Густав Мейринк - Голем
Если я размышлял о самом себе и должен был удивляться тому, что на свете нет никого и ничего, к чему бы я испытывал антипатию, кроме «него» и его племени, мною не раз овладевало противоречивое чувство: я мог бы стать тем, что принято называть «добрым человеком». Но, к счастью, это не так. Я вам говорил уже — во мне нет больше места ничему.

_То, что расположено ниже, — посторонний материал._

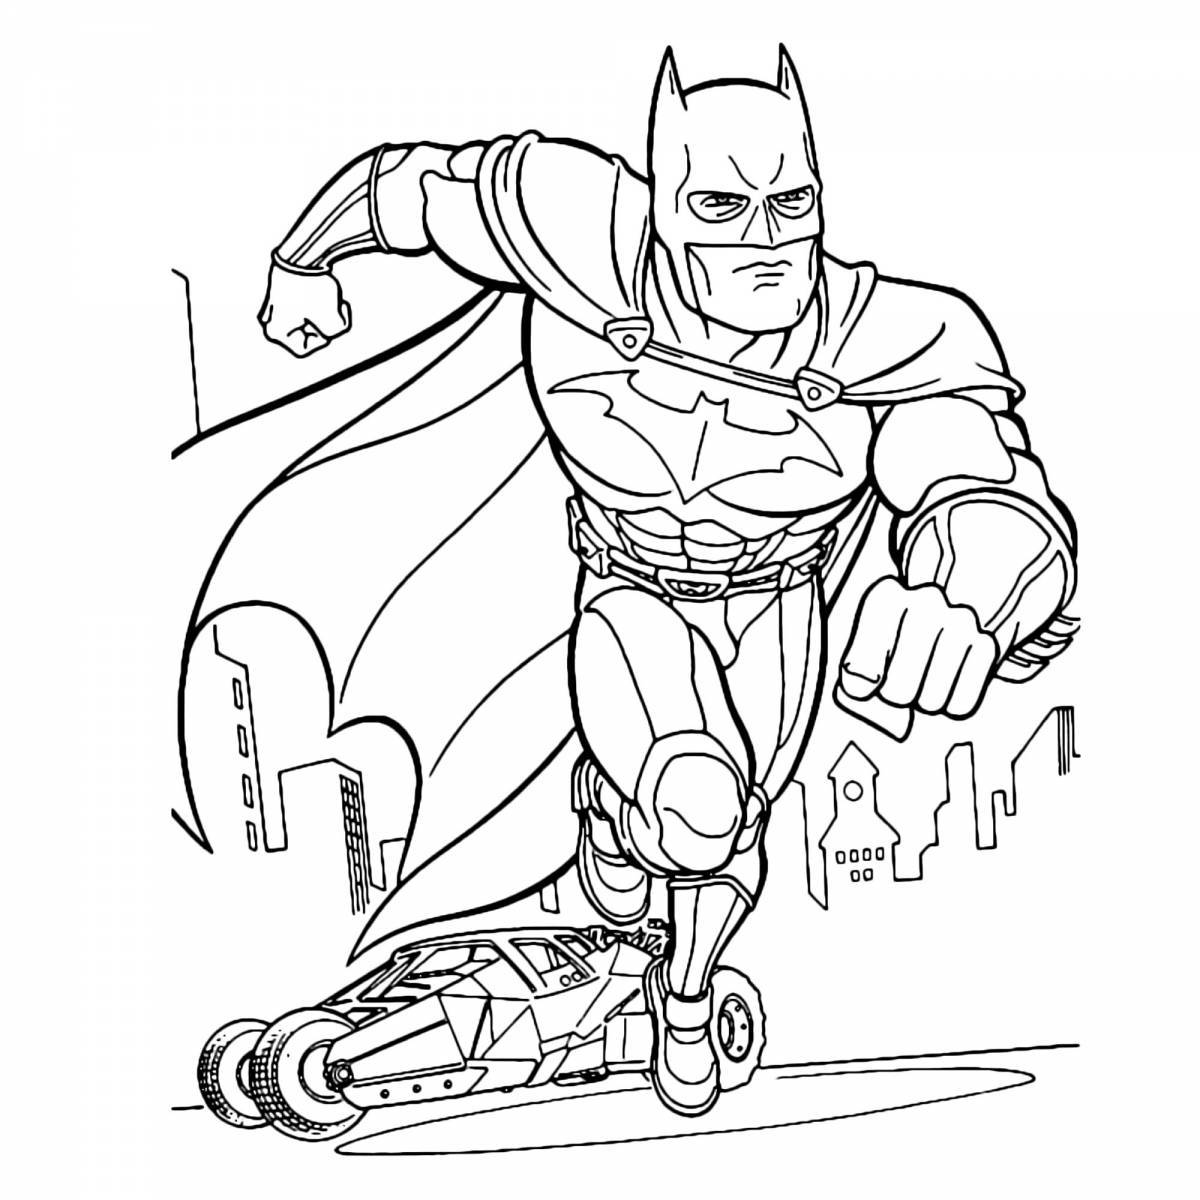 Great superhero coloring pages for kids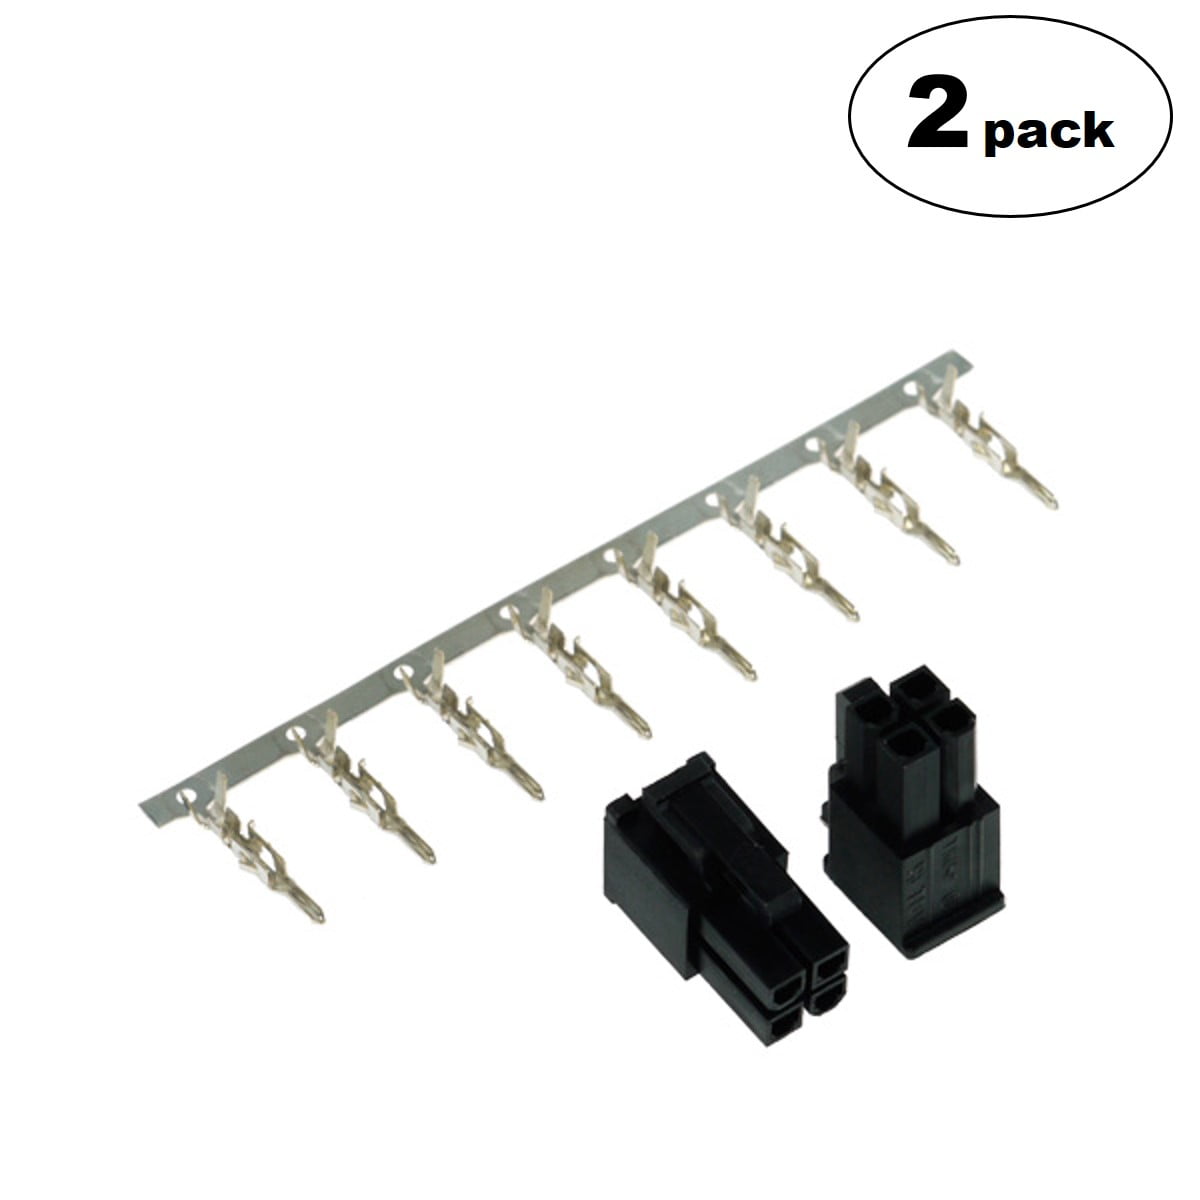 English Includes One Male/One Female Per Card Radnor RAD64002156 Model 2-MBP 300 Amp Cable Connector Set for 1/0-3/0 Cable Plastic 1 x 1 x 1 15.34 fl oz.

Только не подумайте, что меня ожесточила трагическая судьба (что случилось с моей матерью, я узнал гораздо позднее): я пережил один счастливый день, надолго затмивший собою все, что выпадает обычно на счастье простому смертному. Не знаю, знакома ли вам такая подлинная душевная, пламенная набожность — до тех пор я тоже об этом не догадывался, — но в тот день, когда Вассори покончил с собой, я стоял внизу в лавке и видел, как «он» получил об этом известие: принял его «тупо», как должен был бы принять на веру профан, не ведающий про истинный театр жизни. Больше часа оставался он безучастен — его кроваво-красная губа на самую малость поднялась выше, чем обычно, и взгляд какой-то такой… такой… ну, такой… как-то странно повернутый в себя. Тогда-то я и ощутил запах ладана от взмахнувшего крылами архангела. Знаете статую скорбящей Богоматери на фронтоне Тынского храма? Там пал я ниц, и сумрак церковного притвора объял мою душу…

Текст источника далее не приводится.